Charles’s son, Jared has been a fantastic success but now the onus is on him to send money saved from his salary back to the village to his old father and the rest of the family. It’s a shame because Jared has a girlfriend a life ahead of him but he is shackled to his family. When Charles phoned me on my mobile at the weekend he was telling tales of family members being sick, no money for food his son having let him down in an overall desperate state of affairs. This was not the first time I had received a message like this. (I notice he never tries my husband’s number). He asked me to send money urgently via MPesa, (a new effective method of transferring money across the country from mobile phone to mobile phone, or from ATM machines). I’m afraid that knowing Charles well I said ‘no sorry’. I spoke to his son the next day who said he has indeed been sending money home on a regular basis. The problem is that every time he gives anything to his dad for clothes or food it is spent on beer. His dad even got a job as a security guard up in the village but lost it quickly for being drunk.

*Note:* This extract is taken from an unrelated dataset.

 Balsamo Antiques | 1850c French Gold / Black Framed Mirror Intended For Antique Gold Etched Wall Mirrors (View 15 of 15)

This business of family members in town having financial responsibility for those who stay back in the village affects Kenyans (Tanzanians and Ugandans) across the board. There was a very amusingly written but tragic article written in The Standard’s ‘Crazy Monday’ supplement today entitled, ‘Slaves of handout culture’. There was a double page spread of anecdotes from city dwellers that fear going home because they are always being stung for money by family, clansmen, villagers and childhood friends. Here’s a taste of some of them:
Richard, a banker says he saw a counsellor after developing depression,
‘It may sound unreal, but I used to spend half of my salary on relatives and villagers who claimed that they had contributed to my success in life’ he continued, ‘about 10 villagers used to wait for me at the shopping centre and demand money to buy brew. Then at the home, about five uncles would ask for their children’s school fees and other expenses.’

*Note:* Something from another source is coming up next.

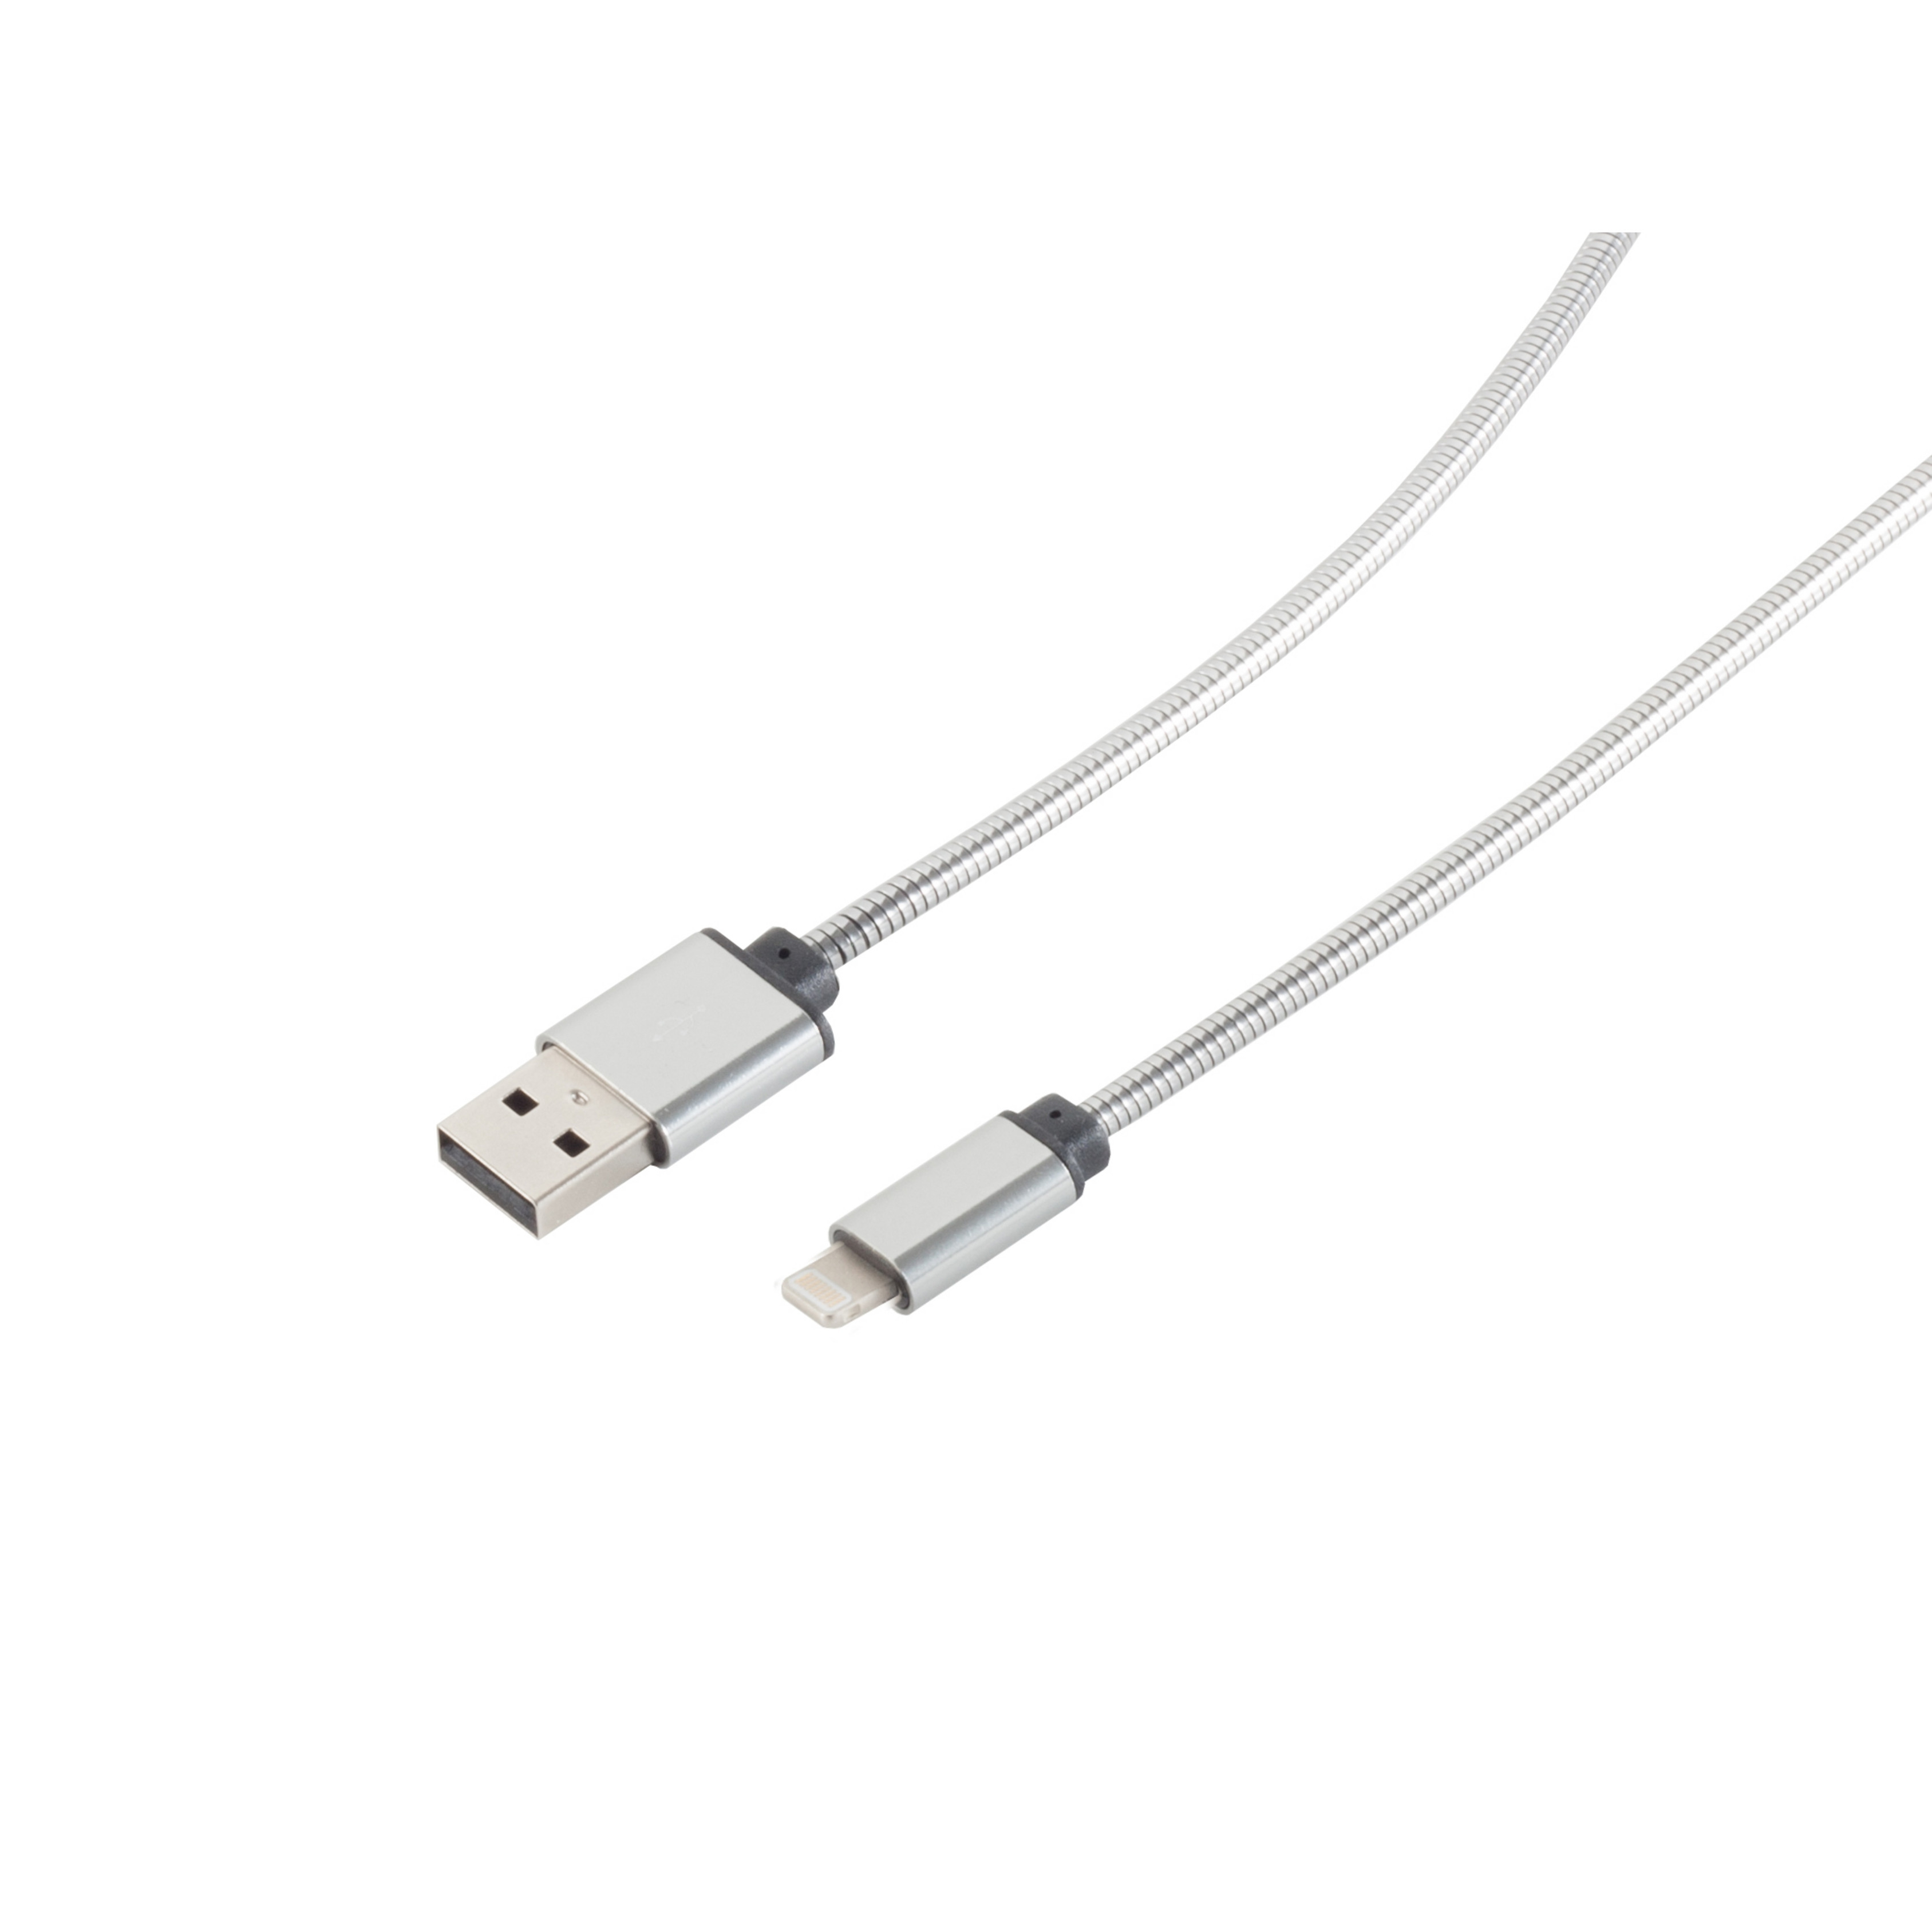 Lade-Sync CONNECTIVITY USB Kabel 1,6m USB Steel S/CONN A/ Kabel MAXIMUM Silber USB 8-pin

His doctor has advised visiting his elderly parents less often.
Another who works in Nakuru says whenever he visits his home village he hears shouts of ‘Sukari! Sukari! Sukari! (sugar). ‘One of them recently held me by the collar, demanding to know why I had never bought her a kilo of sugar.’
Laban, who works as a waiter, suffers because his father has told everyone back home that he is the manager of a top hotel and has even started directing unemployed people from the village to Laban’s place of work in search of cash. At his cousin’s funeral recently Laban overheard his mother saying:
‘Tell Laban to give you money for bread, meat and do not forget money for the x15 suits for the burial.’
Others complained of extended family members coming to town to camp out at their homes waiting for handouts. When they are refused people turn nasty, saying that their relative is mean spirited and does not value family. Some even threaten to cast evil spells or bewitch those who won’t tow the line. Most city dwellers bring money home when possible but then find that villagers upcountry often expect much more. They won’t listen when the perceived ‘rich’ friend or relative argues that they have their own wives and children to support.
Nixon, a Nairobi computer engineer who had just got his new job four months ago and was saving for household items found an aunt had sent her two sons to ask for college fees from him,
‘I was shocked to find my nephews waiting for me. After I cooked supper they told me they wanted sh 60,000 (£500) for their fees.’
Another trick is to organise what Kenyans call a ‘harambee’ (fundraiser) and make an employed city dweller ‘guest of honour’ so they feel compelled to attend or at the very least contribute.
In Europe with the high property prices and tertiary education, you are more likely to find parents today giving handouts to their grown up children who still struggle financially (statistics have been reported recently UK papers), whereas in Africa the tradition of handouts from the earning population to the rural unemployed creates a vicious cycle of poverty. Those who could succeed are held back or pressurized into corruption in order to meet high expectations back home.